Many office workers sit for hours, concentrating on getting work done and not taking a break to walk around. However, this sedentary practice can have its hazards. Prolonged sitting leads to multiple health issues, including:

  • Cramped or strained leg muscles
  • Swelling and blood clots in the lower legs
  • Fatigue in the back and neck muscles
  • Poor blood circulation
  • Spinal compression

In addition, the Mayo Clinic notes that there are additional health risks from too much sitting. These risks include:

  • Obesity
  • Increased blood pressure
  • Diabetes
  • Elevated cholesterol levels
  • Increased likelihood of cardiovascular disease and cancer

Different Methods of Adding Walking and Other Exercise to Your Workday

Even if you have multiple work and family responsibilities and feel you have no time to exercise during the workday, there are multiple ways to alleviate the physical stress that prolonged sitting puts on your body. These methods include:

  • Making sure to get up from your desk at least once an hour
  • Walking to a colleague’s desk or during brainstorming-style meetings
  • Standing and stretching as you’re talking on your office phone
  • Using a standing desk (or a sufficiently high countertop if you work from home)
  • Doing stretches that involve your arms, legs, neck and shoulders
  • Taking the long way to the kitchen or restroom (take advantage of any long hallways and stairs in your building)
  • Going for a lunchtime or after-work walk with coworkers

Benefits of Workplace Exercise

The American Heart Association (AHA) recommends that you walk at least 30 minutes a day, five times a week. If your schedule is packed, consider dividing that walking into 15 minutes in the morning or at lunchtime, then 15 minutes after work.
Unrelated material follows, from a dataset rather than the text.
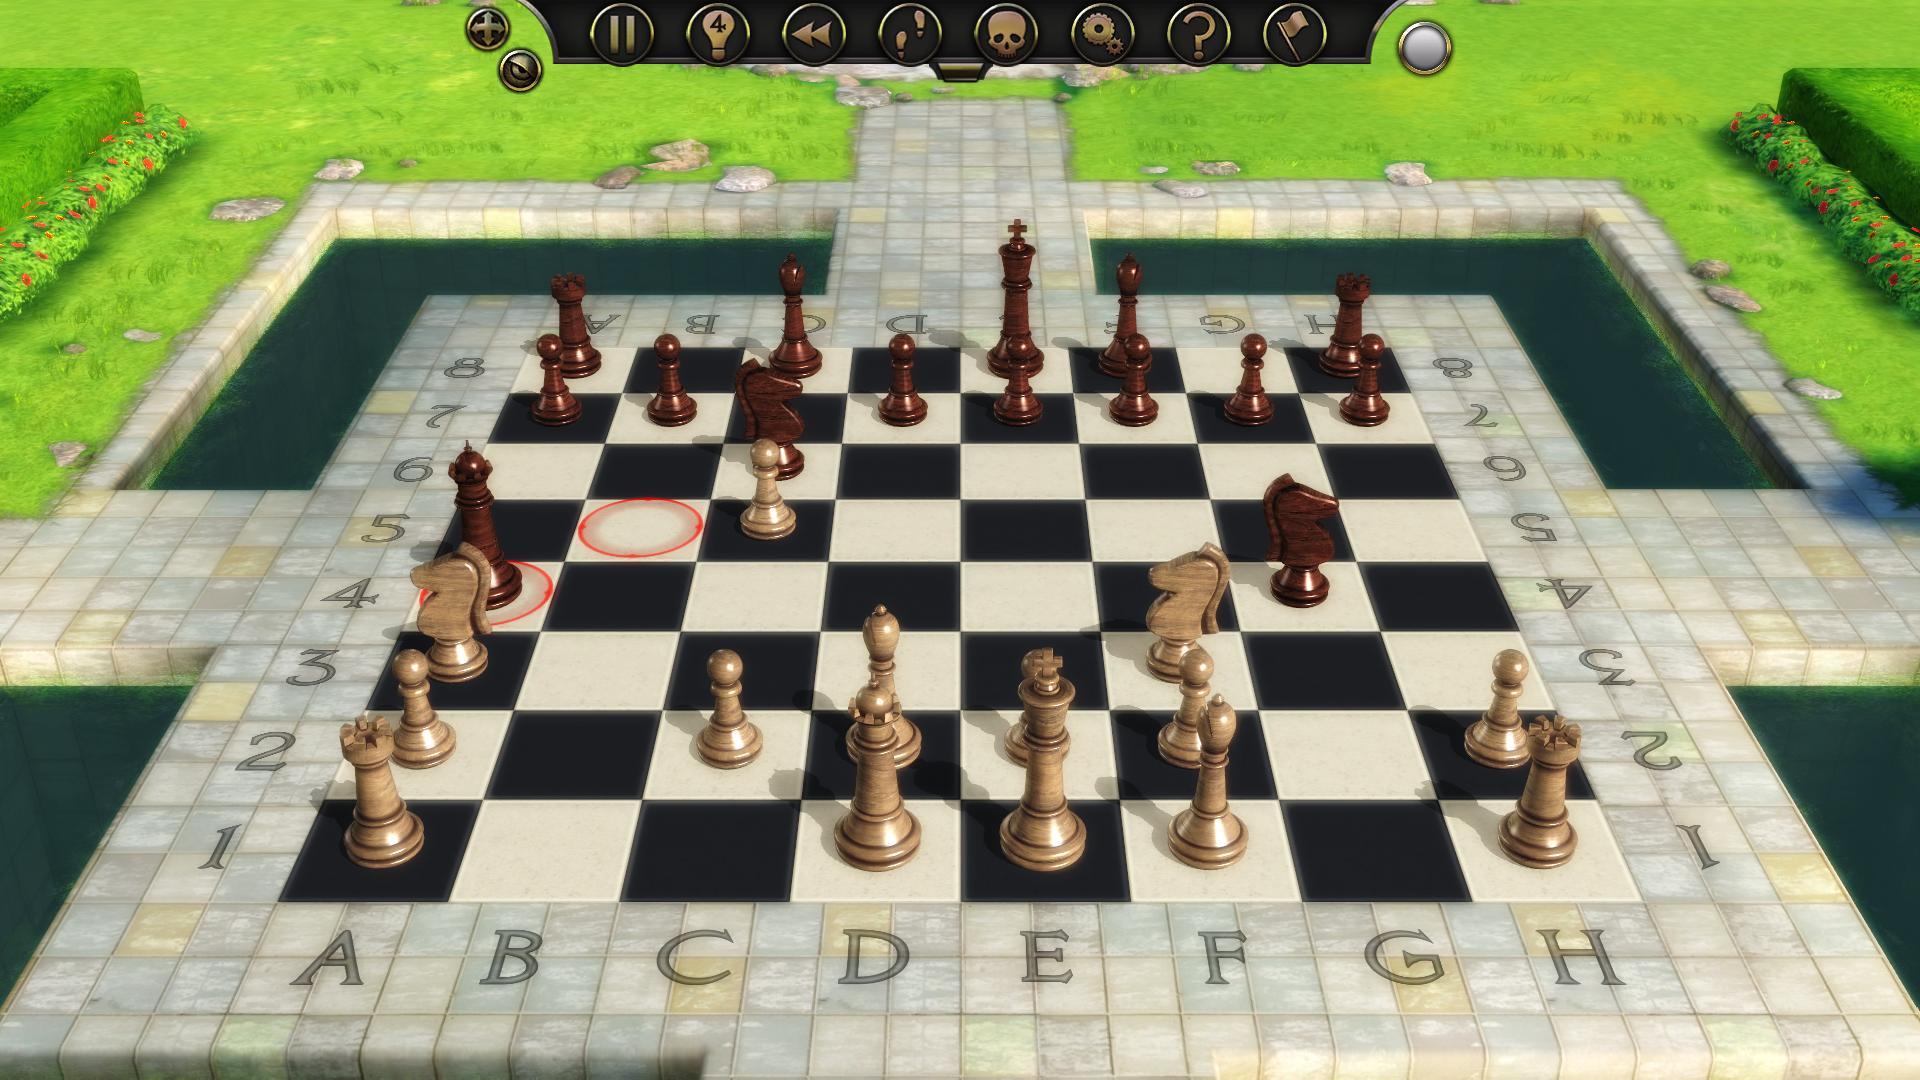 battle chess windows 7

If you have high cholesterol or high blood pressure, the AHA suggests at least 40 minutes of moderate to vigorous aerobic activity, three or four times per week.

Getting regular exercise helps you sleep better, improves your circulation and overall health, reduces stress, and decreases strain on muscles and veins. Also, devoting work time to physical activity can even lead to higher productivity, according to a 2011 study by Swedish researchers.

Dr. Samer Koutoubi, Director of the Public Health program at American Public University says, “Lifestyle modification, including eating healthy, exercise and stress reduction, helps us to prevent and treat chronic diseases. Working out at work does not require sophisticated equipment. Taking the time to walk, stretching and taking the stairs are very effective in stress reduction, and you can integrate it in your daily work activities.”

With some creativity, there are ways to get walking or other forms of exercise into your workday. So get moving!